Indian stocks are outperforming their BRIC peers by the most ever as investment from abroad defies outflows from other major emerging markets.
The CHART OF THE DAY shows the ratio of the S&P BSE Sensex Index versus the MSCI BRIC Index reached the highest since Bloomberg started tracking the data in December 1994. The Sensex rose 0.1 percent this year through June 10, compared with losses of between 11 percent and 16 percent for the Hang Seng China Enterprises Index, Russia’s Micex Index and Brazil’s Ibovespa. The bottom panel shows India’s net foreign equity inflows of $15.3 billion are the highest ever for the year-to-June 7 period.
Overseas investors pumped $221 million into Indian shares last week, according to data compiled by Bloomberg. That compares with outflows of $5 billion from emerging equities in the five days to June 5, the most since August 2011, Morgan Stanley said, citing EPFR Global. Investors pulled some $1.5 billion from Chinese equities, $530 million from Brazil and $360 million from Russia during the period, Morgan Stanley said.

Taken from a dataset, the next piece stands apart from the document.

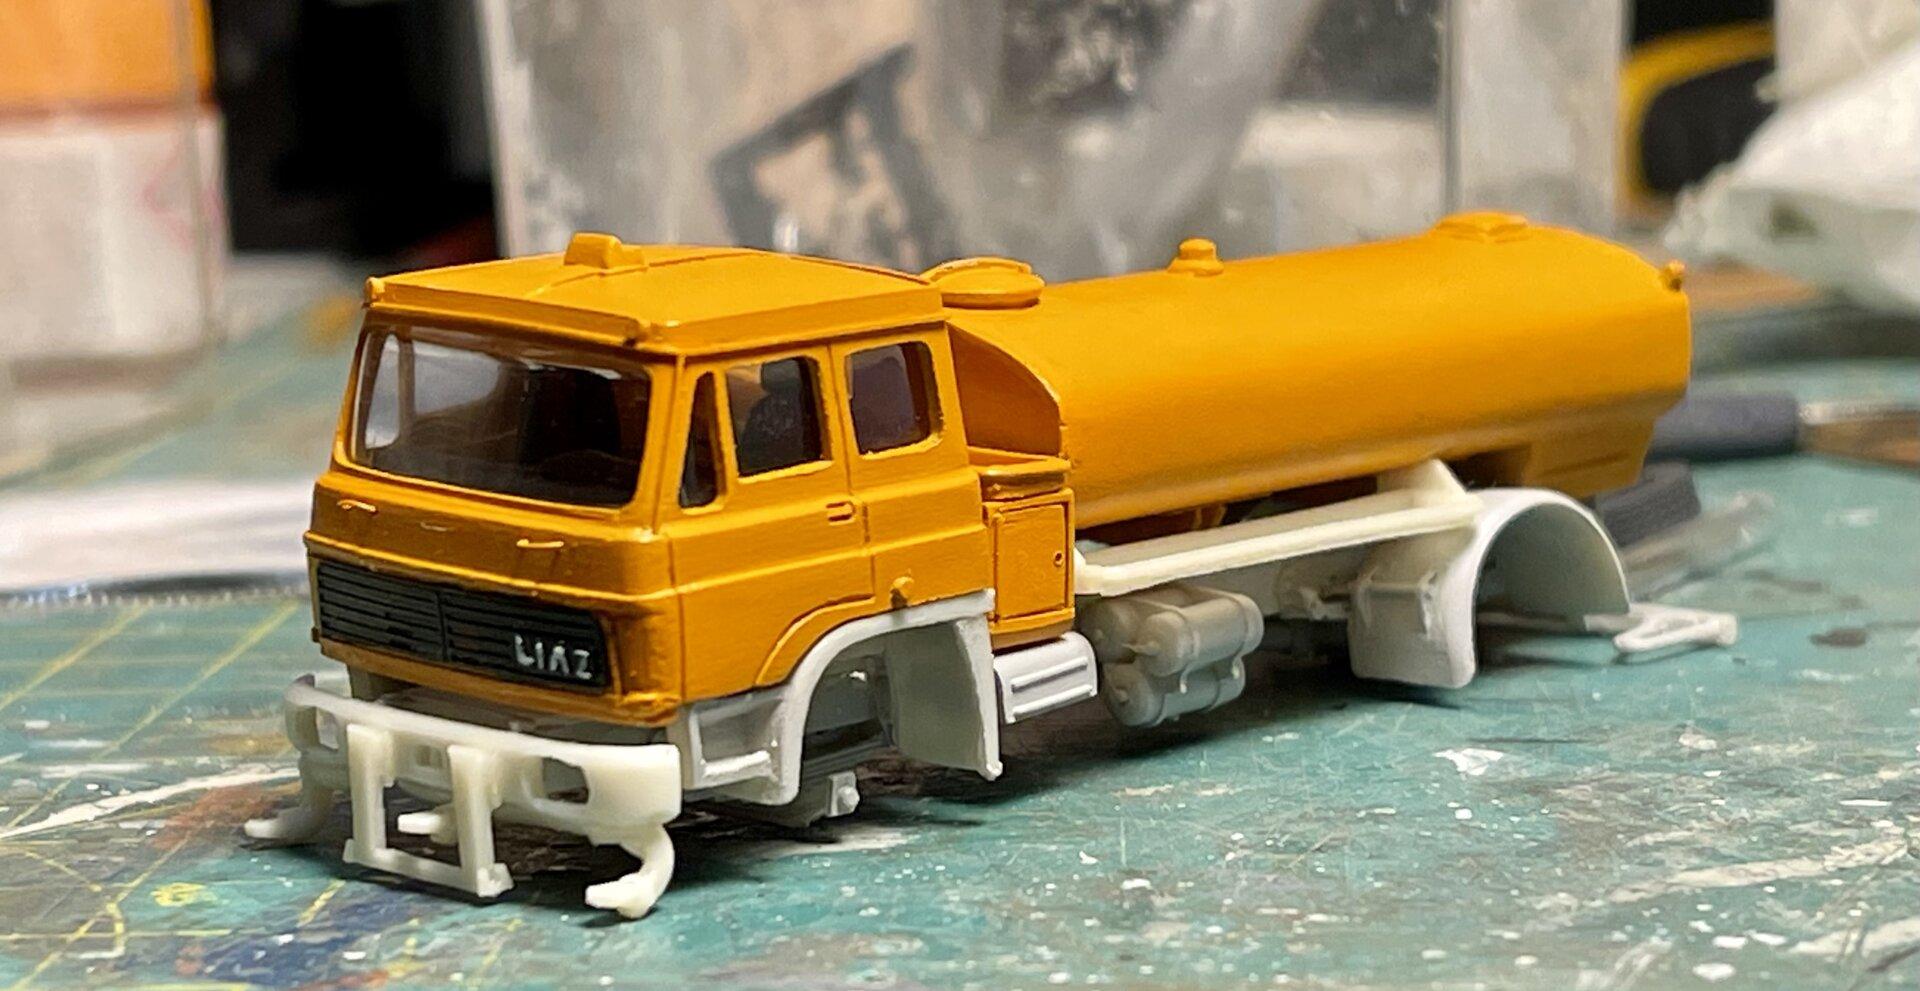 4426D6C9-F312-4BB1-B795-9F61B2150EFD.jpeg

“I’d attribute this more to the poor performance of Brazil, China and Russia rather than good performance of India,” said Peter Elston, head of Asia Pacific strategy at Aberdeen Asset Management in Singapore. “China has been struggling with containing a credit-fuelled investment binge, Russia with a weak oil price, and Brazil with inflation. It should be noted that in the case of India, inflation has been falling.”
Overseas investors continued to plow funds into Indian stocks last week even as a plunge in the rupee to a record low triggered concern that energy prices may rise in a nation that imports about 80 percent of its oil. Foreign funds sold more than $1 billion of the nation’s corporate and sovereign bonds in the same period, the most ever.
Indian wholesale prices increased 4.89 percent in April from a year earlier, a 41-month low. The Reserve Bank of India will review monetary policy on June 17 after cutting the repurchase rate by 75 basis points this year to 7.25 percent. Governor Duvvuri Subbarao indicated after the most recent cut on May 3 that the nation has almost no space to ease further.